# Electrical problems



## cameron (Dec 8, 2004)

My car has been having several electrical related problems. About 2-3yrs ago or so my AC control lights and rear defroster dash light started working intermittently then the rear defroster light quit working entirely. Also, my tach started sticking occasionally in the last yr or 2. More recently, in the last month, I have encountered two other problems. One, my factory alarm has gone off 3 times for no apparant reason. The other recent problem is that the AC control unit started making a very loud continuous clicking noise when I started the car when it was about 20 degrees outside just before Christmas. It's done it about 3 other times. About a wk ago when I started the car it started immediately. I pressed other vent controls and it stopped then I would hit the front vent and it would start again. It is now doing it in every mode except the bi-level mode. It will start as soon I as I turn the ignition even thought the fan is off. The vent control lights will work only on occasion. Like today they didn't come on when I turned the lights on but when I thumped one of the vent controls they came on.

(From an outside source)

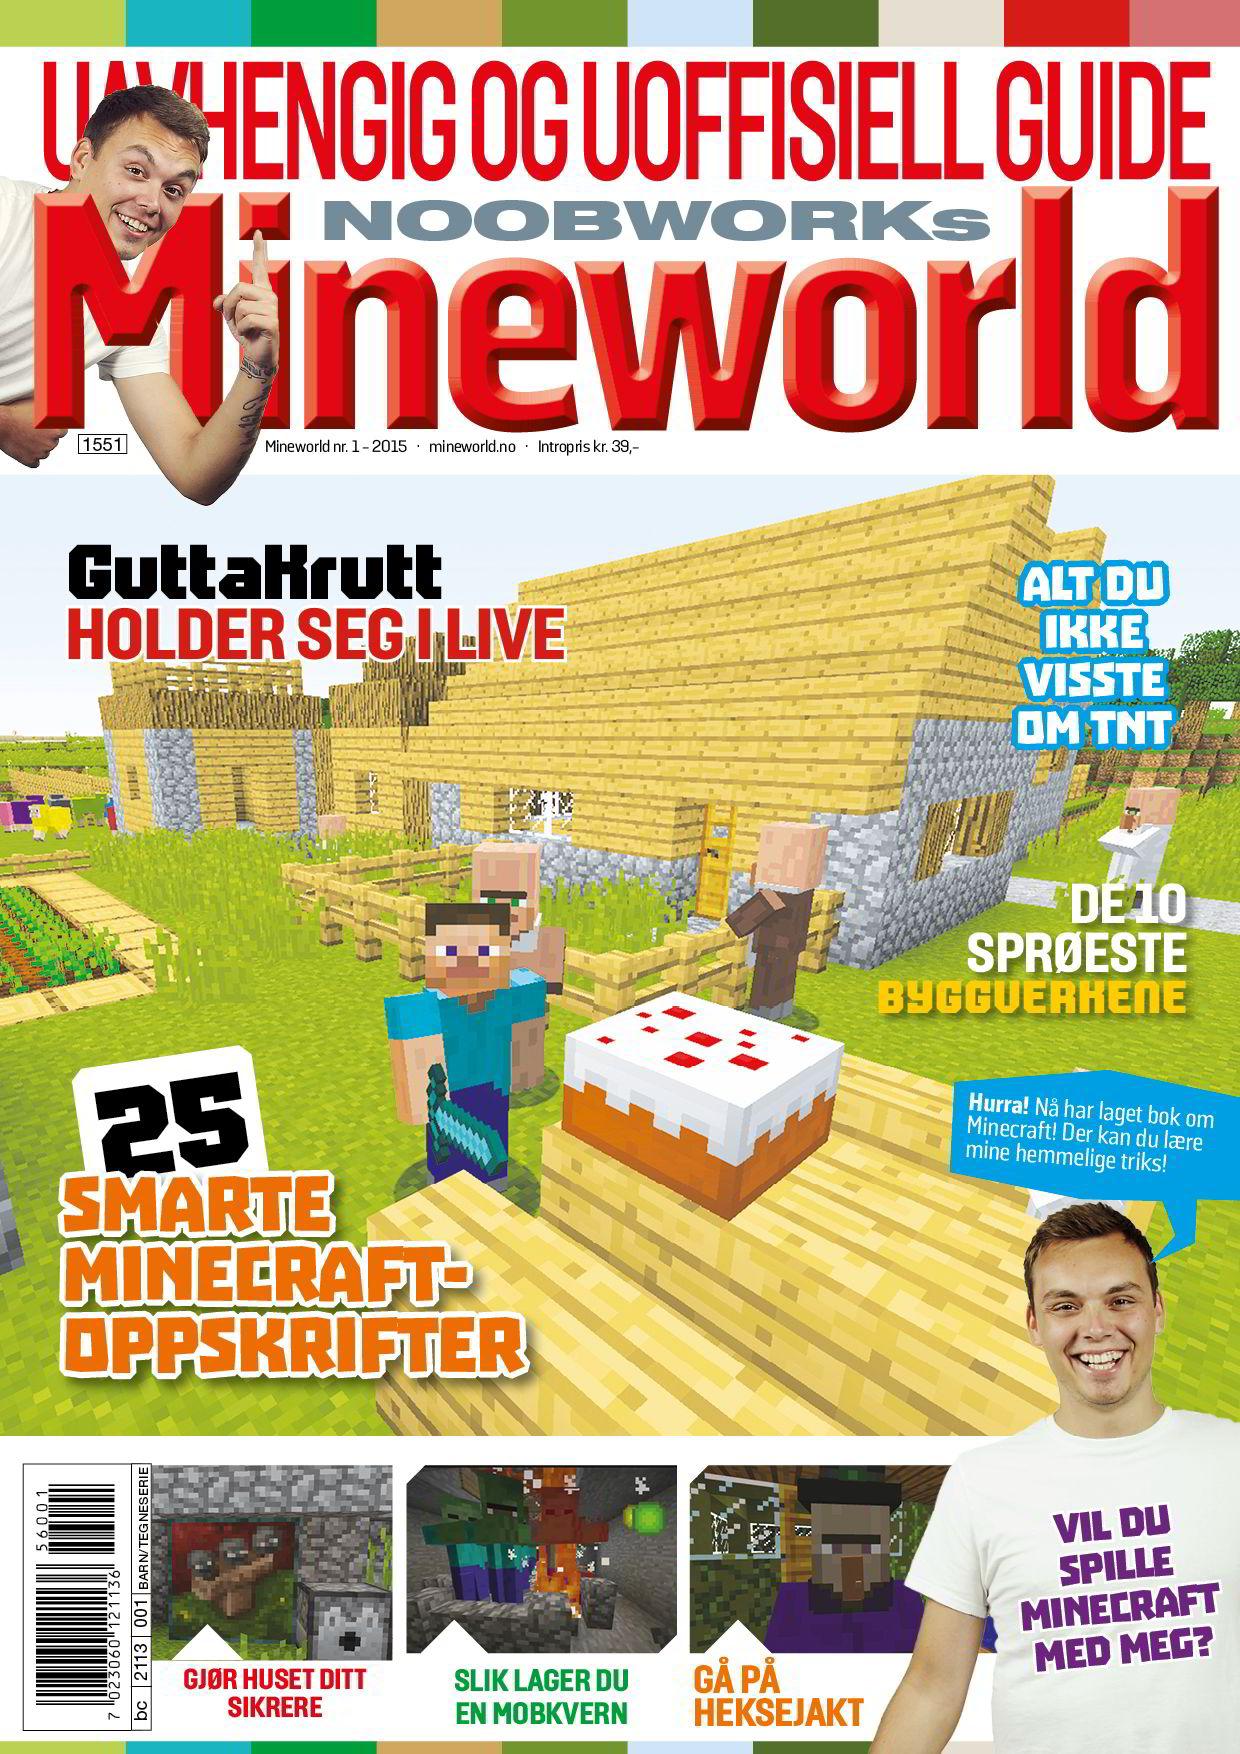 Joachim Haraldsen gir ut et månedlig magasin som i hovedsak handler om ham og dataspillet Minecraft.

I have had stereo work done several times so I don't know if that may have something to do with it. My original stereo was replaced several times for skipping back 3yrs ago. Then I had a sub/amp put in by another prof audio store about 2yrs ago. Then last May I put in a stereo/in-dash cd changer myself with the help of a friend. I don't know if its something like a lose connection or what. We worked under the dash quite a bit..we had a real hard time getting everything back into the dash. The ac control unit lights were intermittent before I put the new stereo in last May but started sometime after the 1st or 2nd replacement stereo was put in. The 2 recent problems with the factory alarm and AC control unit vents clicking started just in the last month. Anyone have had any of these experiences? I thought electrical problems were non existent in the 240sx's. I have no clue on what to do to get this stuff fixed but more little things keep popping up.


----------